Forgot the muffin pans (well not really) so I decided to do them on the rotisserie. Used just a simple dusting of Kosher salt, black pepper, onion powder and garlic powder.



Here they are seasoned and ready to go.



I pulled the skins off since no one here really likes it, or at least should eat it, and it certainly isn't necessary to keep them moist.

I fired up the drum with a mix of Kingsford Comp and Cowboy Lump and in a short time, we were all ready to go. Here are the thighs all nestled in the basket.



It was a pretty tight fit. There were 15 of them. And here they are in the rotiss and ready to go.



Drum wanted to cruise at 250° which would be great except I was wanting 325°. Finally it climbed up into the 300s and we were off to the races. 

After about an hour



I started brushing them with a little Sweet Baby Ray's and by then the drum was idling at 350° which was fine with me since I was trying to get a little more of the fat cooked out.

After about an hour and 45 minutes they were done.



And here they are in the dish waiting to be plated.

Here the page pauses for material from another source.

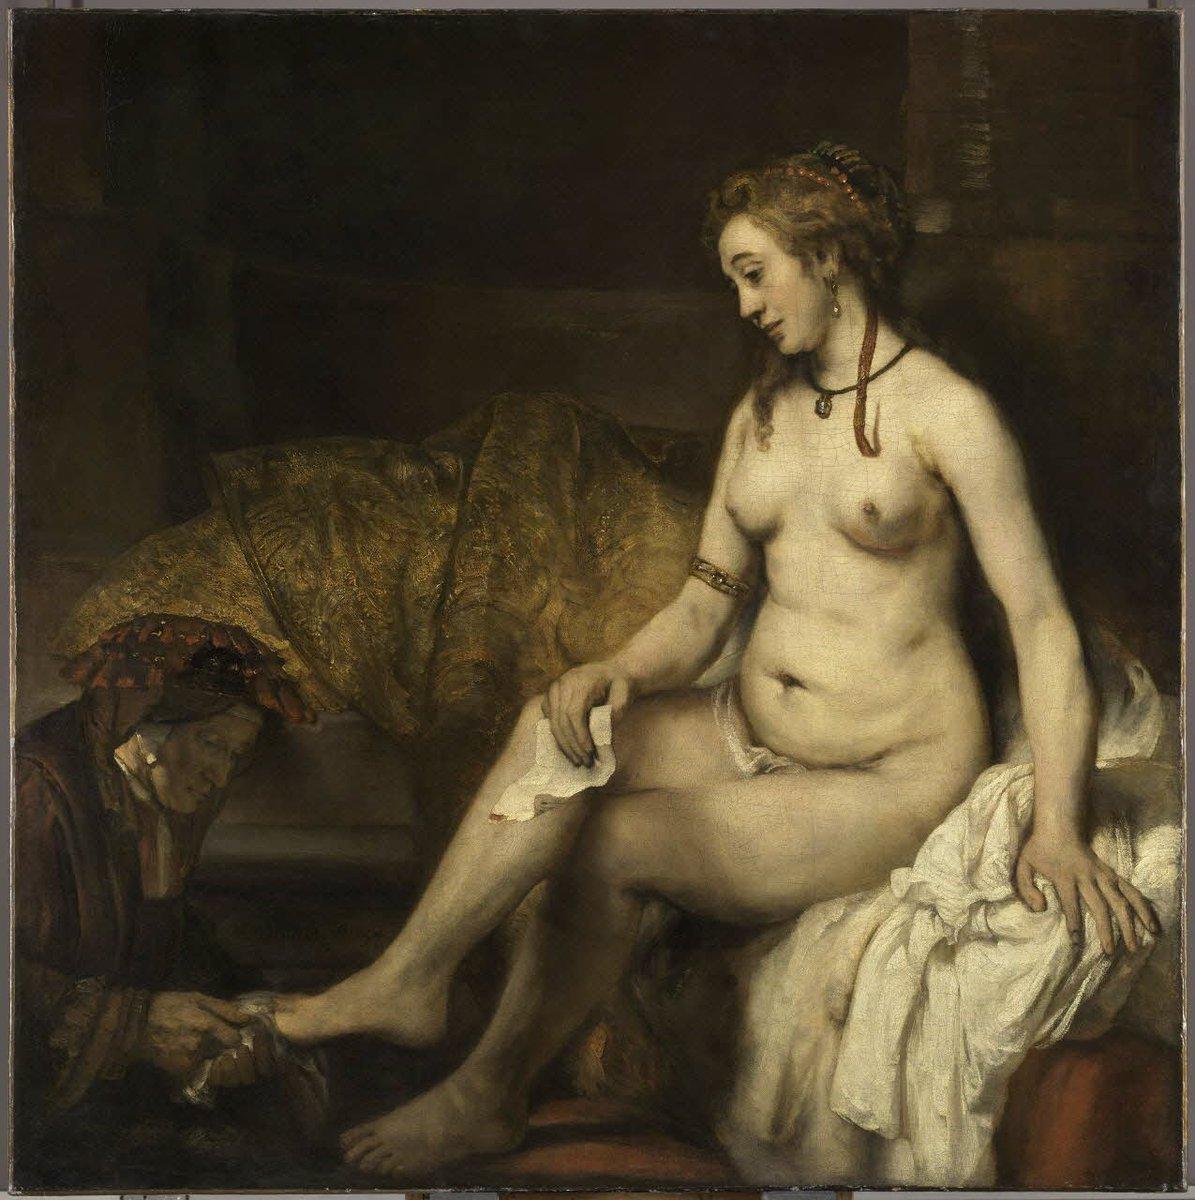 [#UnJourUneOeuvre] L'un des tableaux majeurs de Rembrandt, qui a concentré la représentation de l'épisode sur Bethsabée à sa toilette, infiniment troublée par le message du roi David.  👉https://t.co/w15kTi5VsJ #Peintures

They were pretty darn good and PLENTY moist and juicy. I think next time I'll coax the drum up to 325° or so before I even put them on and let it finish out upwards of 375°. Got a couple of ziplocs of yummy left overs and all in all not a bad afternoon.

Thanks for looking.

Dave


----------



## pit 4 brains (Feb 19, 2010)

Now there's some thighs to whistle at right there 
	

	
	
		
		



		
		
	


	





... Good job.

Almost makes me reconsider if I'm a breast, leg, thigh, or butt kinda guy???


----------



## grizandizz (Feb 19, 2010)

Wow DDave that looks tasty! 
Did you use your metal basket plate or just let the juices hit the coals?


----------



## chefrob (Feb 19, 2010)

gotta love the drumisserie!!!!!


----------



## pit 4 brains (Feb 19, 2010)

DDave, does the spit run under the drum lid? Kinda looks that way in the pics but i wood think it wood be hard to load that way. I may have to do a mod on my drum to fit one of my spits if ya don't mind...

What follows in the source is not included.